She had a South African flag draped over her shoulders and carried a big photo of Mandela as she stood in line at the stadium.

Rohan Laird, the 54-year-old CEO of a health insurance company, said he grew up during white rule in a "privileged position" as a white South African and that Mandela helped whites work through a burden of guilt.

"His reconciliation allowed whites to be released themselves," Laird said. "I honestly don't think the world will see another leader like Nelson Mandela."

A dazzling mix of royalty, statesmen and celebrities was in attendance.

Thabo Mbeki, who succeeded Mandela as president, got a rousing cheer as he entered the stands. French President Francois Hollande and his predecessor and rival, Nicolas Sarkozy, arrived together. U.N. Secretary-General Ban Ki-moon waved and bowed to spectators.

Mandela's widow, Graca Machel, and his former wife, Winnie Madikizela-Mandela, gave each other a long hug before the ceremonies began.

Actress Charlize Theron, model Naomi Campbell and singer Bono were among the celebrities paying final tribute.

Symbolically, Tuesday was the 20th anniversary of the day when Mandela and South Africa's last apartheid-era president, F.W. de Klerk, received the Nobel Peace Prize. De Klerk, a political rival who became friends with Mandela, was also in the stadium.

In his Nobel acceptance speech at the time, Mandela said: "We live with the hope that as she battles to remake herself, South Africa will be like a microcosm of the new world that is striving to be born."

The rain was seen as a blessing among many of South Africa's majority black population.

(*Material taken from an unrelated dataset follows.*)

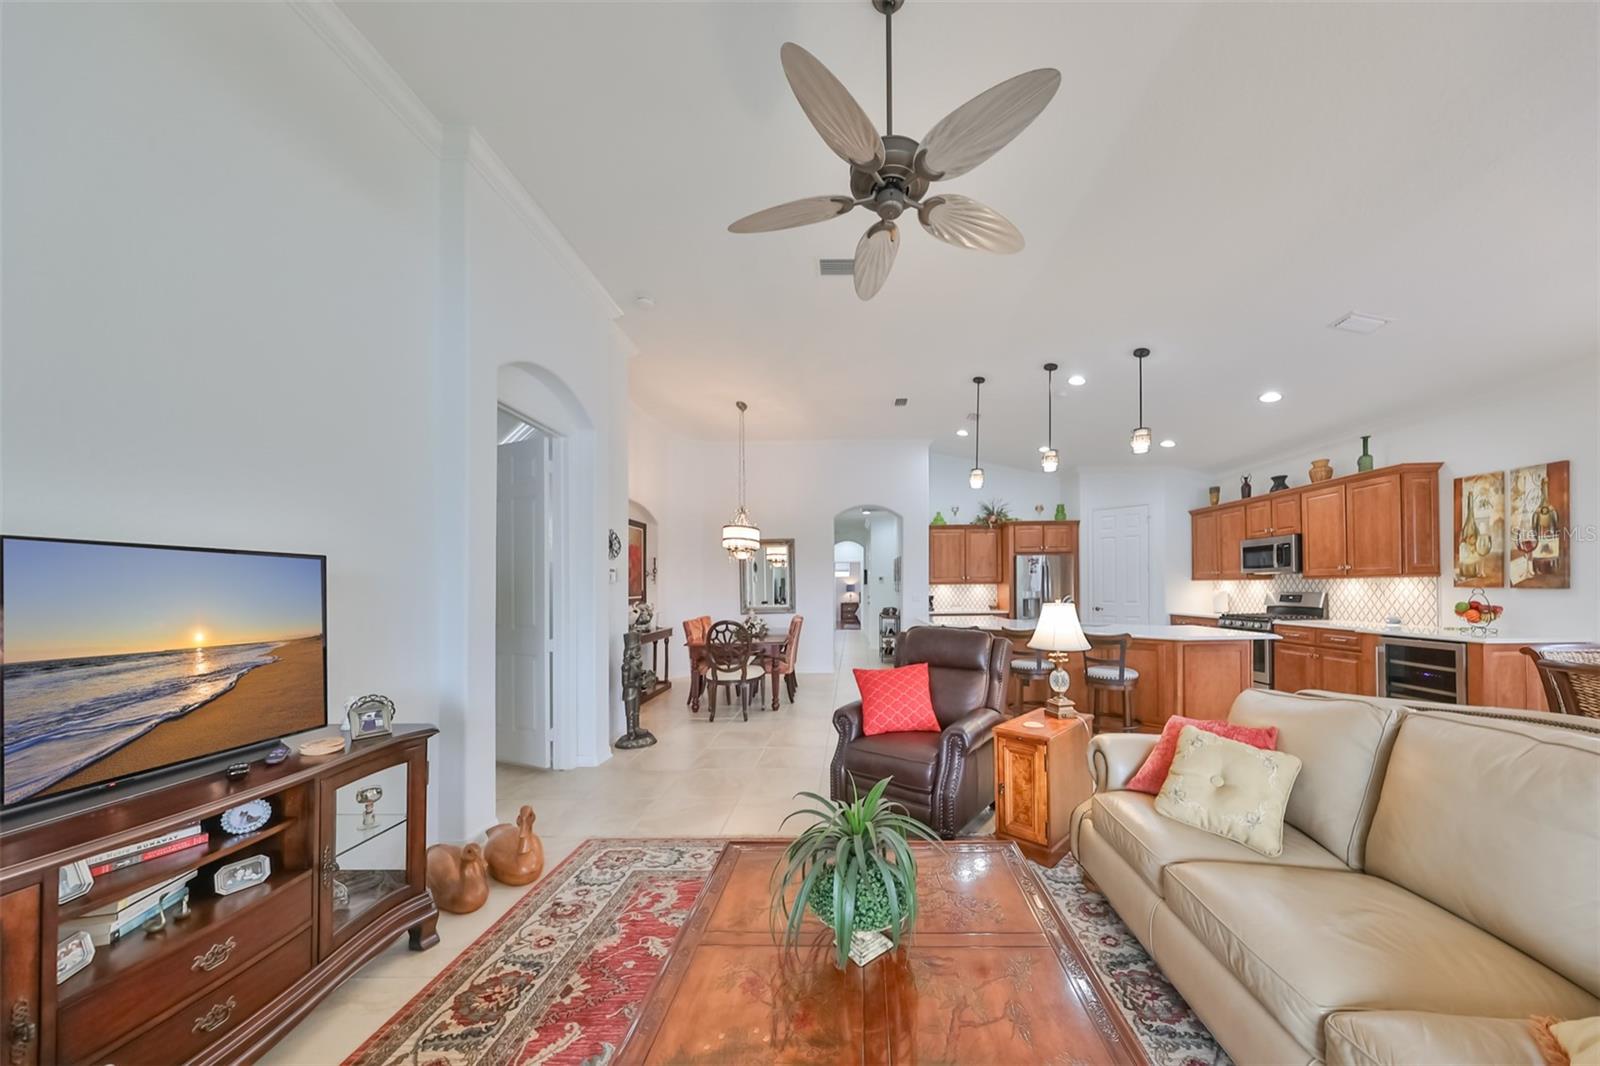 Living area has 12' ceilings, custom ceiling fan and lots of bright natural sunshine, that is open to the dining and kitchen areas.

"Only great, great people are memorialized with it," said Harry Tshabalala, a driver for the justice ministry. "Rain is life. This is perfect weather for us on this occasion."

People blew on vuvuzelas, the plastic horn that was widely used during the 2010 World Cup soccer tournament in South Africa, and sang songs from the era of the anti-apartheid struggle decades earlier.

"It is a moment of sadness celebrated by song and dance, which is what we South Africans do," said Xolisa Madywabe, CEO of a South African investment firm.

After Tuesday's memorial, Mandela's body will lie in state for three days at the Union Buildings in Pretoria, once the seat of white power, before burial Sunday in his rural childhood village of Qunu in Eastern Cape Province.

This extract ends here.